• Aim of the exercise:
Pictures are not part of the copy. Write out exactly the lines from the line with "Another week to" through the end of the entries below.

-- Data follows --

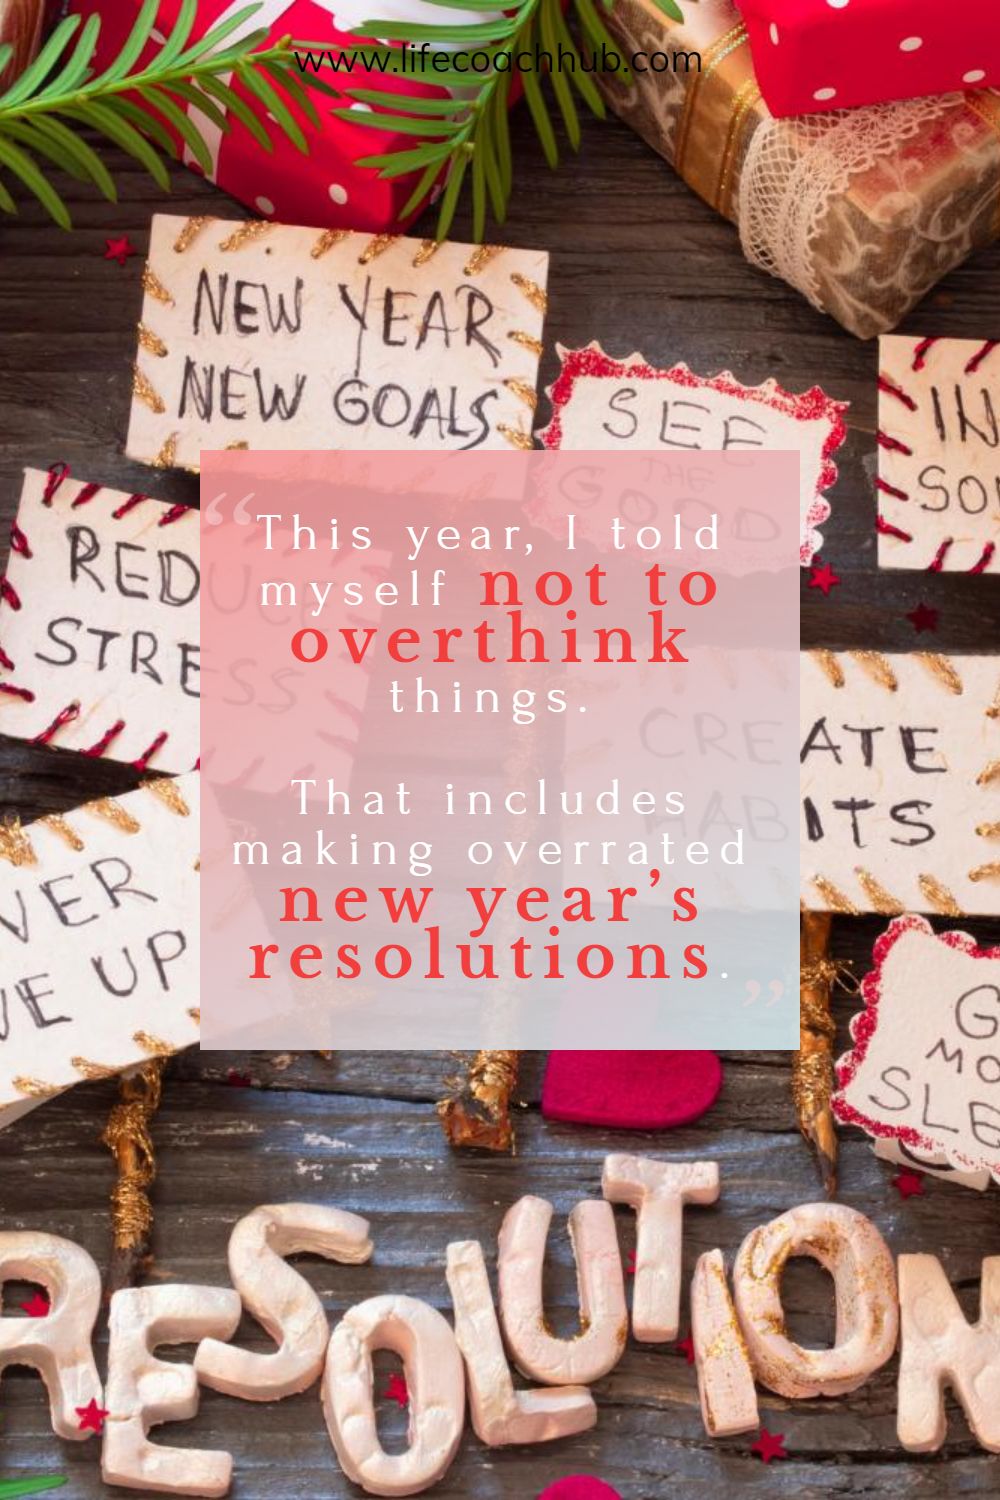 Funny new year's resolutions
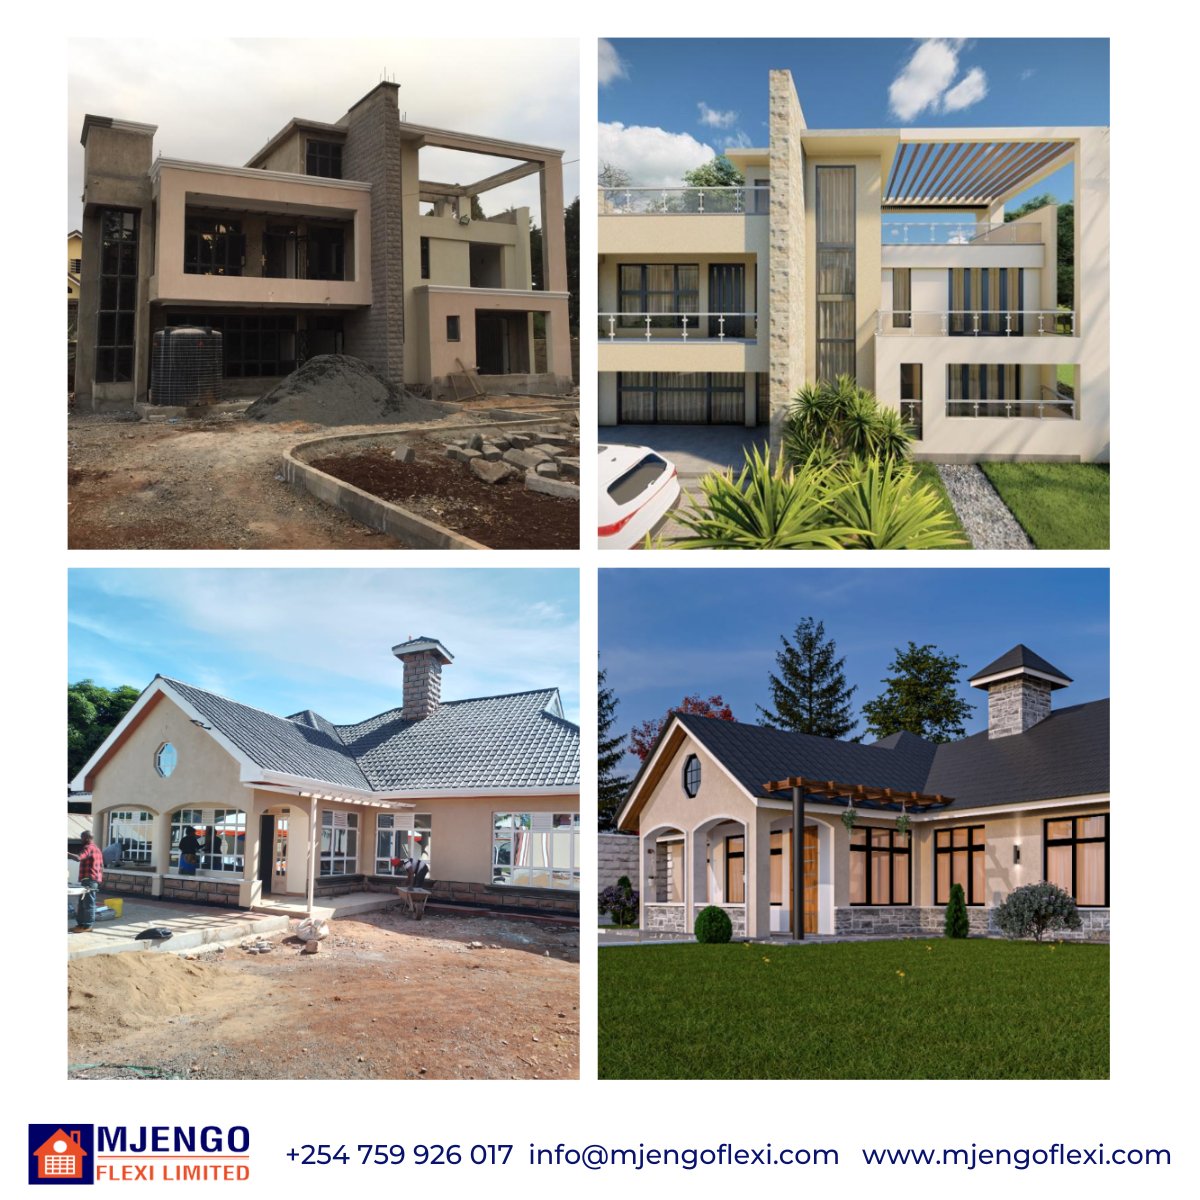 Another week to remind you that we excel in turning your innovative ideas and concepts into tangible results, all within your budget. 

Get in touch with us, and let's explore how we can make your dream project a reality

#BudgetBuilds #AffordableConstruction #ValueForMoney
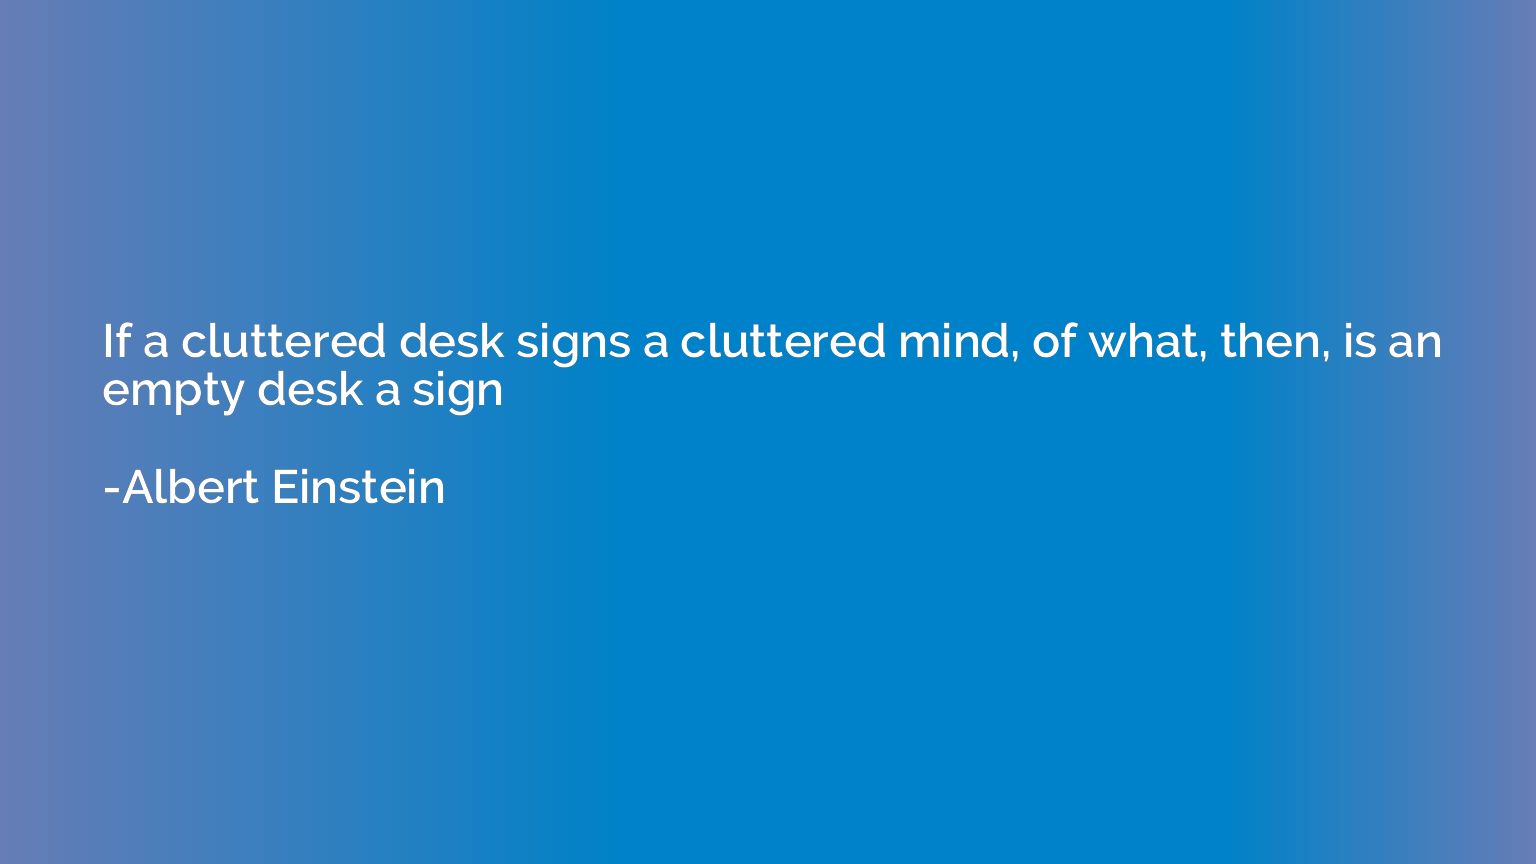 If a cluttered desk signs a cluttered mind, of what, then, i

-- Data concluded --

• Solution to the exercise:
 Another week to remind you that we excel in turning your innovative ideas and concepts into tangible results, all within your budget. 

Get in touch with us, and let's explore how we can make your dream project a reality

#BudgetBuilds #AffordableConstruction #ValueForMoney
 If a cluttered desk signs a cluttered mind, of what, then, i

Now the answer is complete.